Steven R. Appleton (March 31, 1960 – February 3, 2012) was the CEO of Micron Technology, based in Boise, Idaho.

Born and raised in California, Appleton attended Boise State University, where he was on the tennis team. A lifelong aviation enthusiast, he died when his single-engine plane crashed shortly after takeoff in Boise, Idaho, on February 3, 2012.

Career
Appleton started his career at Micron shortly after graduation in 1983, working the night shift in production. He held a variety of positions in the company, including Wafer Fab manager, production manager, director of manufacturing, and vice president of manufacturing before being appointed president and COO in 1991. He was appointed to the position of CEO and chairman of the board in 1994 at age 34. In January 1996, he was fired and then rehired 8 days later.

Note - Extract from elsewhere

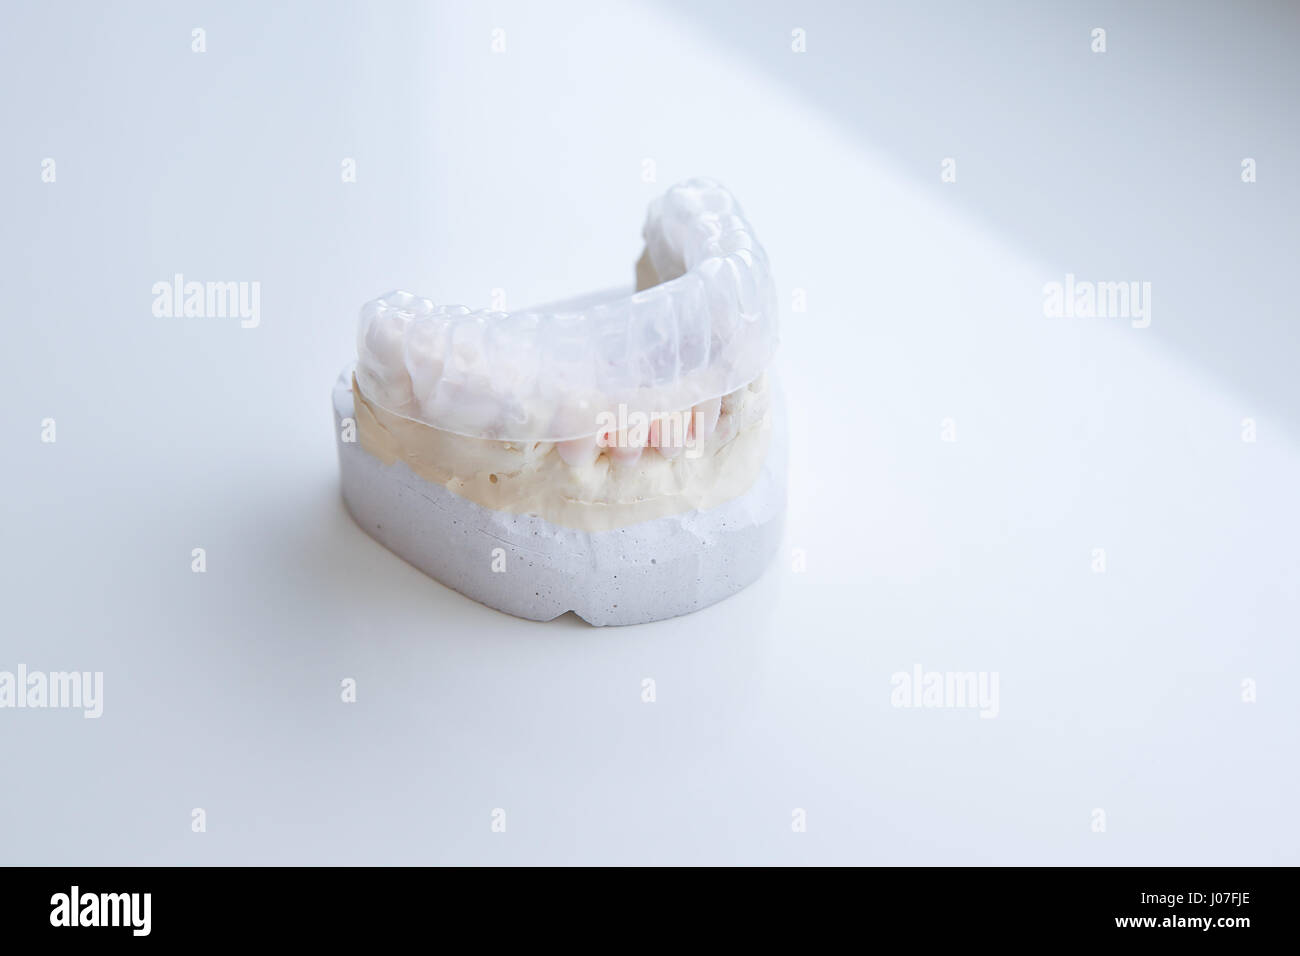 Invisalign, invisible plastic teeth aligner on a dental plaster mold Stock Photo
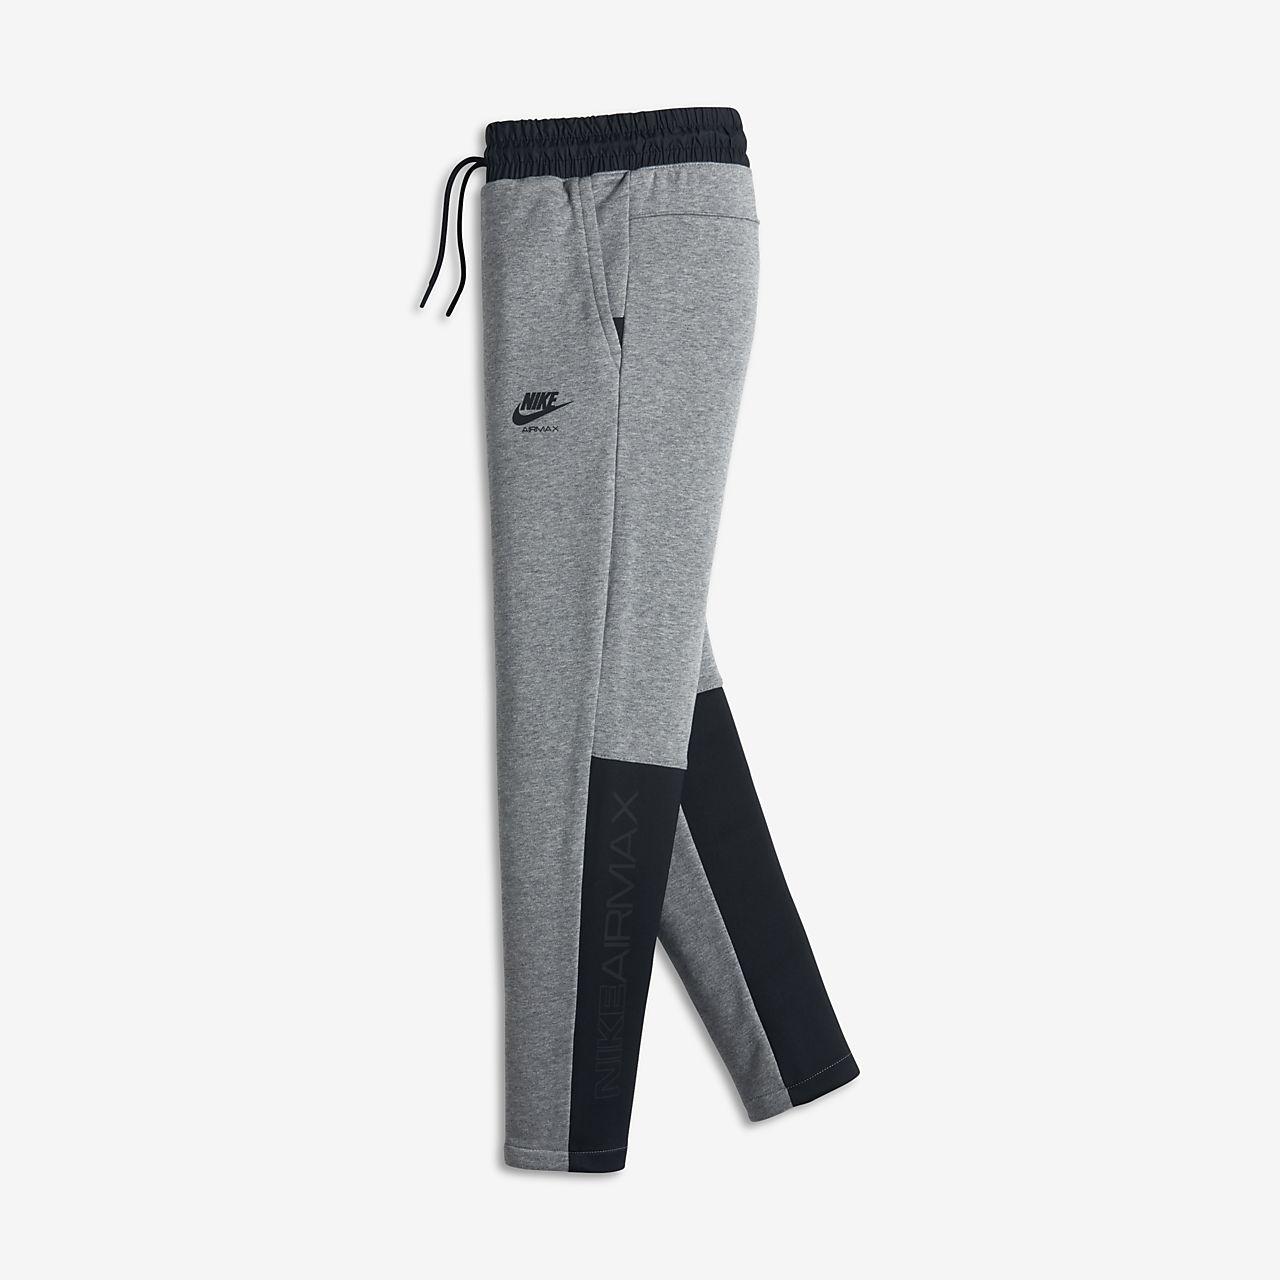 0qwa57q Garçon Air Plus Pantalon Pour Max Âgé Be Nike H84zqOTT

He formerly served on the board of directors for SEMATECH, the Idaho State Supreme Court Advisory Council, and was appointed by the Clinton Administration to serve on the National Semiconductor Technology Council. At the time of his death, he was serving on the board of directors for the Semiconductor Industry Association, and the board of directors for National Semiconductor Corporation, The U.S. Technology CEO Council, and was a member of the World Semiconductor Council and the Idaho Business Council. After his death, Mark Durcan assumed Appleton's position as CEO of Micron.

In 2011 he received the Robert Noyce Award from the Semiconductor Industry Association.

Personal life
Appleton participated in a number of sports, including professional tennis. His hobbies included scuba diving, surfing, wakeboarding, motorcycling, and more recently, off-road car racing. His aviation background included multiple ratings and professional performances at air shows in both propeller and jet-powered aircraft. He also had a black belt in taekwondo.

On the 43rd edition of the Tecate SCORE Baja 1000 on 2010, Appleton finished 1st on a SCORE Class 1 buggy and 7th overall with a time of 20:32.18.

He was married to his wife Dalynn, and had 4 children.

Death
On February 3, 2012, Appleton was killed while attempting an emergency landing in a Lancair IV-PT experimental-category, four-seat, turboprop airplane at the Boise Airport, moments after taking off. He had aborted a take off a few minutes earlier for unknown reasons.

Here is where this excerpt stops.